Am Sonntagnachmittag ging Jim in die Galleria Mall und kaufte eine teure Videokamera und ein stabiles Stativ. Am Montagmorgen platzierte er die Kamera auf ihrem Balkon und zoomte auf die Sonnenliegen am tiefen Ende des Pools. Er sagte Lucy, dass er seit diesem Morgen eine „Korridorüberquerung“ hatte und es frei sei, es zuzulassen, ohne sich Gedanken darüber zu machen, was sie denken könnte. Sie hatten so viel davon geträumt, dass Lucy mit einem anderen Mann schlief, dass Jim heimlich fand, was er sich erhofft hatte. Lucy wollte das auch, aber sie würde es ihrem Mann gegenüber niemals offen zugeben. Er wollte, dass sie dachte, dass er derjenige war, der sie provoziert hatte. Jedes Mal, wenn sie mit ihren falschen Partnern über erotische Möglichkeiten diskutierten, nahm ihr sexueller Unfug zu.
Sie erkennen beide, dass das Reden über die Möglichkeit, dass sie einen anderen Mann schlägt, ihre sexuelle Befriedigung um das Zehnfache erhöht. Keiner wollte seinen Kurs mit negativen Annahmen verderben.
Lucy hatte das Gefühl, dass Jim etwas anderes im Sinn hatte. Er schien so in Fantasie versunken zu sein, dass er nicht wirklich zuhörte. Er bewegte sich schnell in seiner sinnlichen Fantasie. Er brauchte sie, um sich zu konzentrieren und ihre wahren Gefühle zum Vorschein zu bringen.
„Ich möchte deinen Input, Schatz. Meinst du, ich sollte Keith mich küssen lassen oder nicht? Soll ich ihn meine Brüste lutschen lassen? Soll ich so weit gehen, dass er seinen Finger auf meine Muschi legt? Wo soll ich die Grenze ziehen? ?“, stöhnte er.

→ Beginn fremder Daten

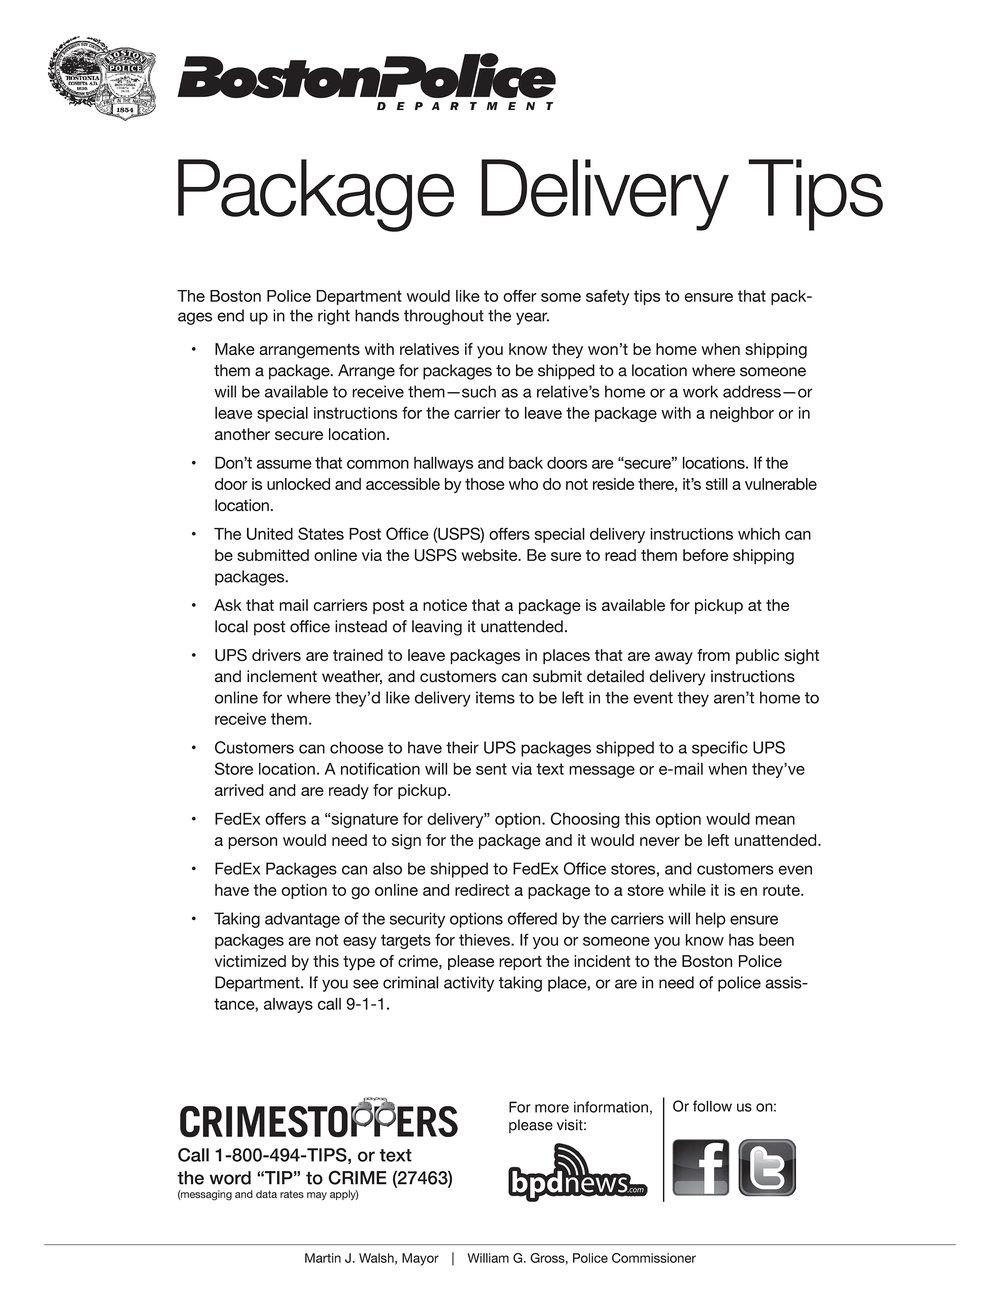 BPD Community Advisory: Holiday Package Theft
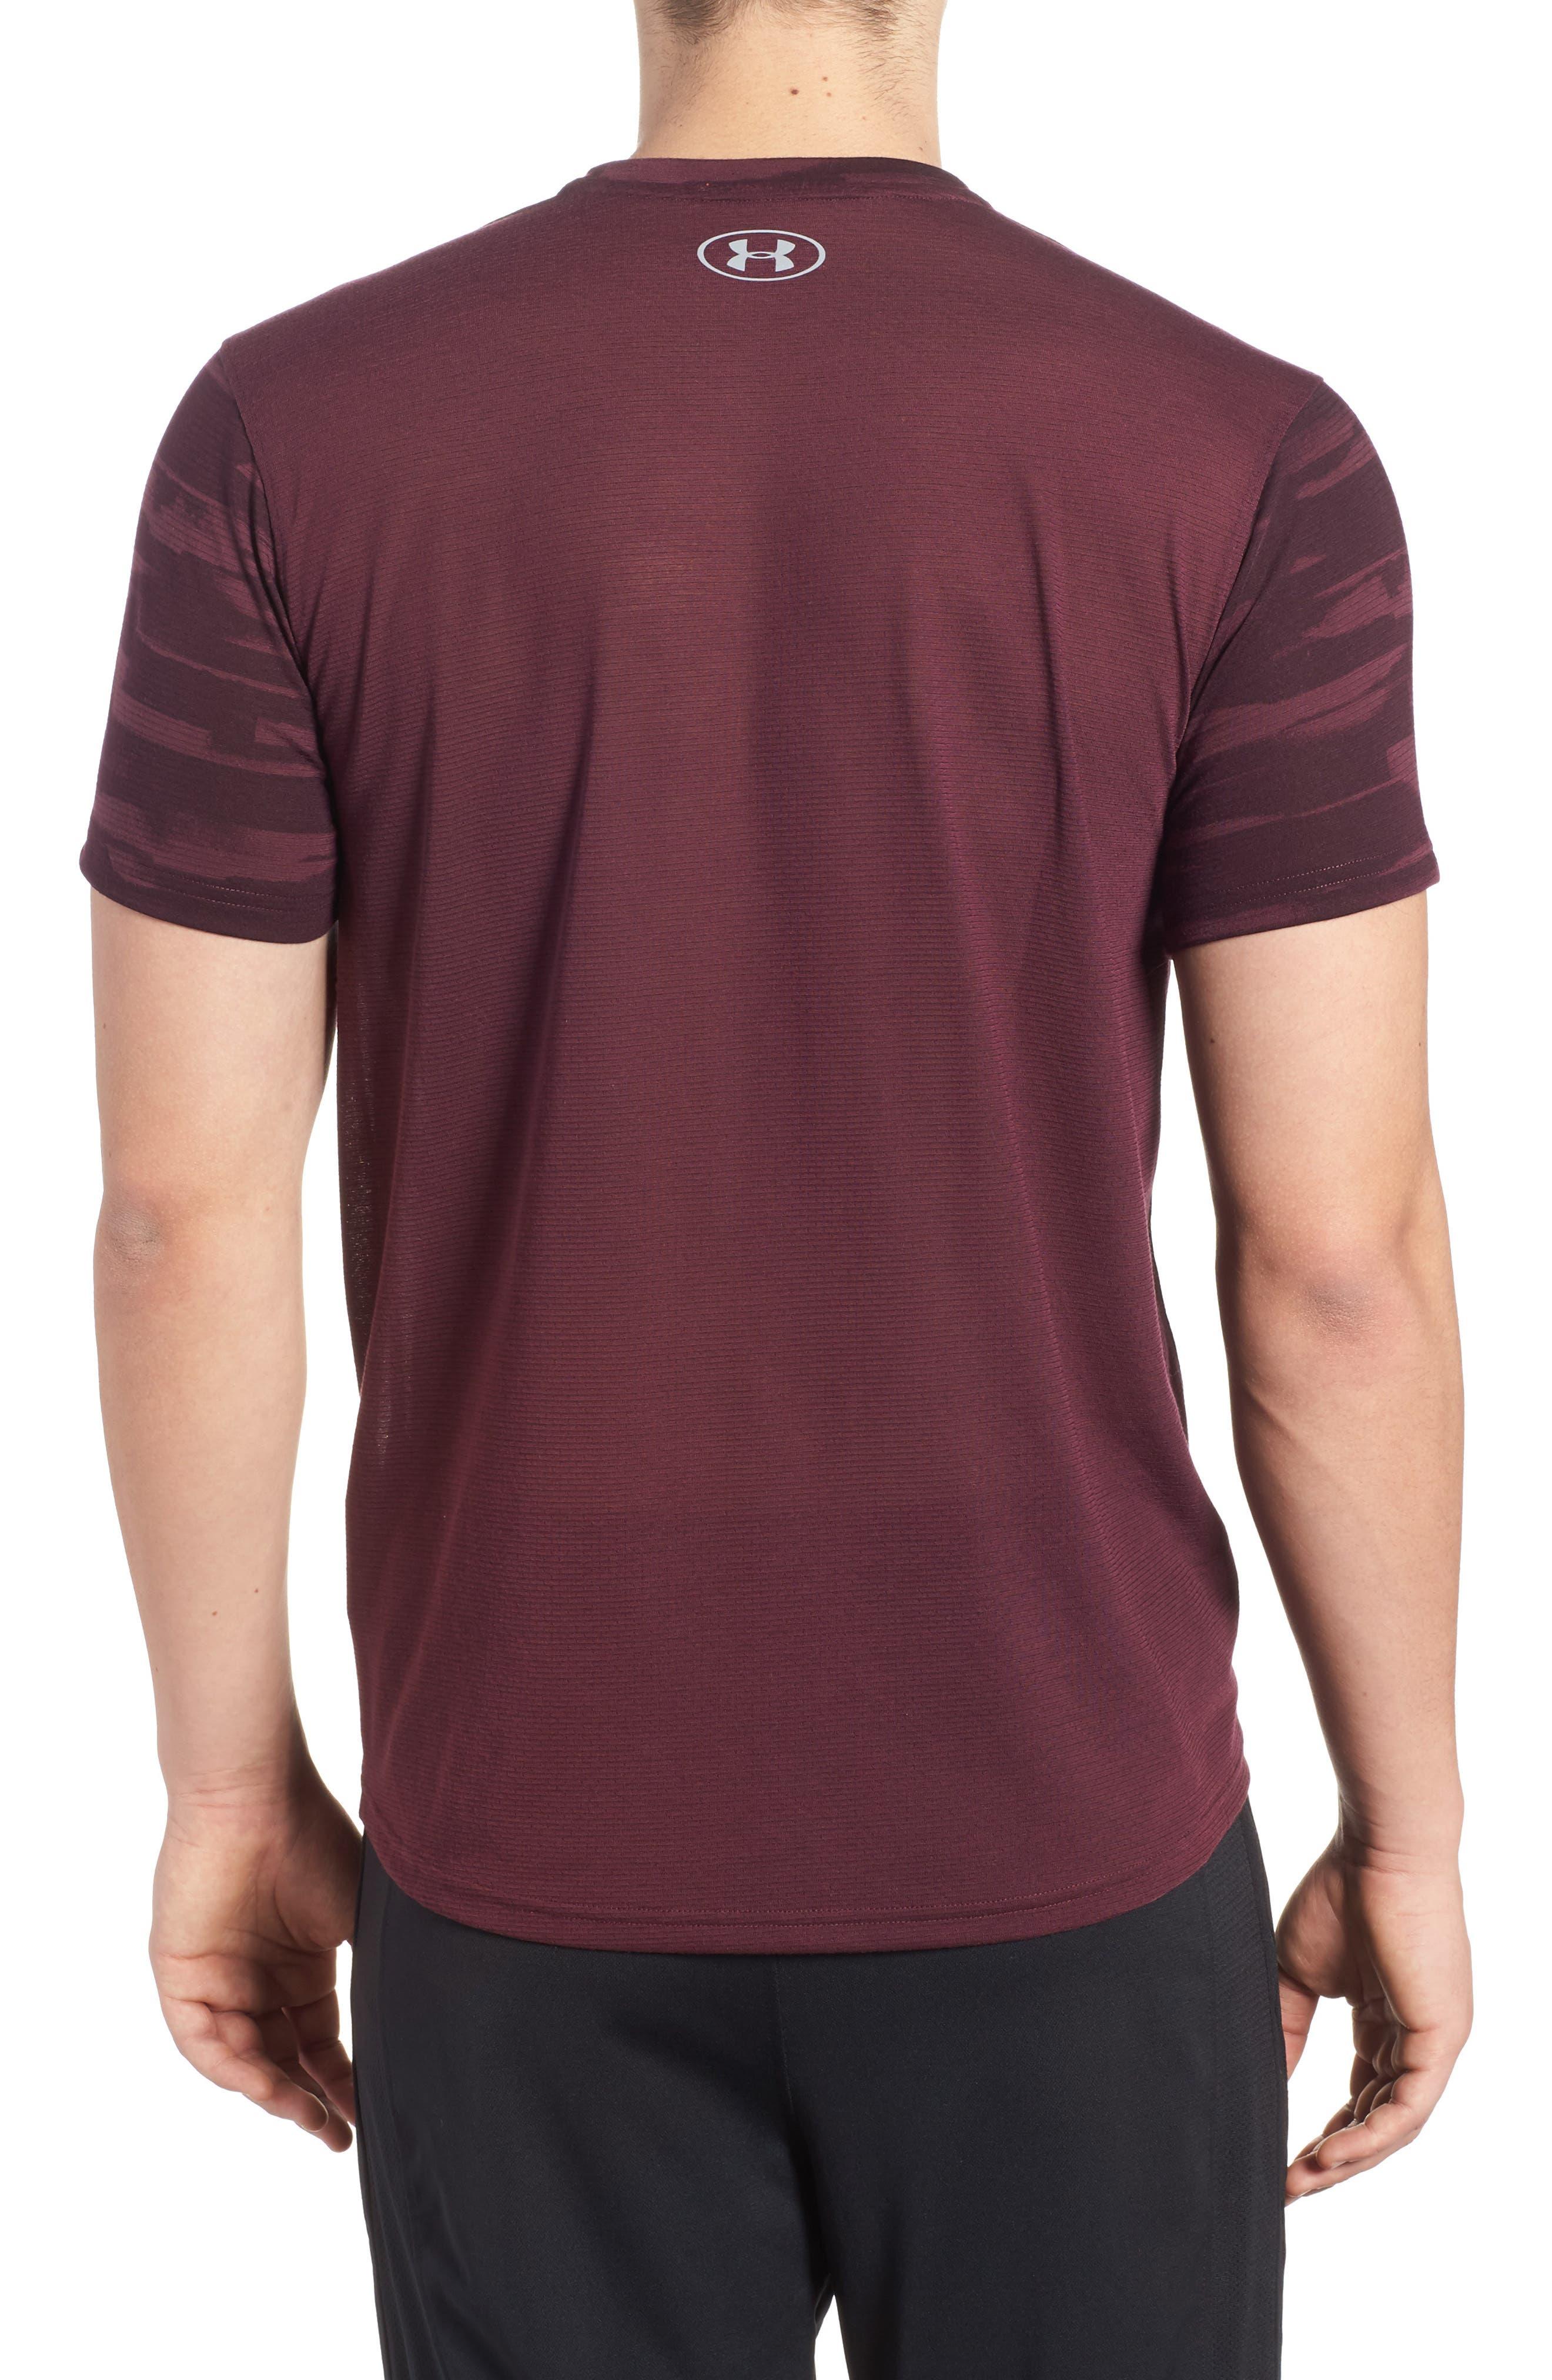 Alternate Image 2  - Under Armour Threadborne Mesh Running T-Shirt

Jim war damit beschäftigt, sich vorzustellen, wie Keiths Schwanz in die nasse Fotze seiner Frau ein- und ausging, ohne ihre Unbestimmtheit zu hören. Sein Kommentar ging zum einen Ohr rein und zum anderen raus. Selbst wenn er gehört hätte, was sie gesagt hatte, würde er es nicht wagen zu sagen, dass er sich bereits einbildete, dass Keith ihn vögelte.
„Ich habe nicht so viel nachgedacht, Schatz“, log Jim. Je mehr er darüber nachdachte, desto mehr wollte er Keith dabei zusehen, wie er seine Frau fickte, aber er konnte es niemals offen zugeben.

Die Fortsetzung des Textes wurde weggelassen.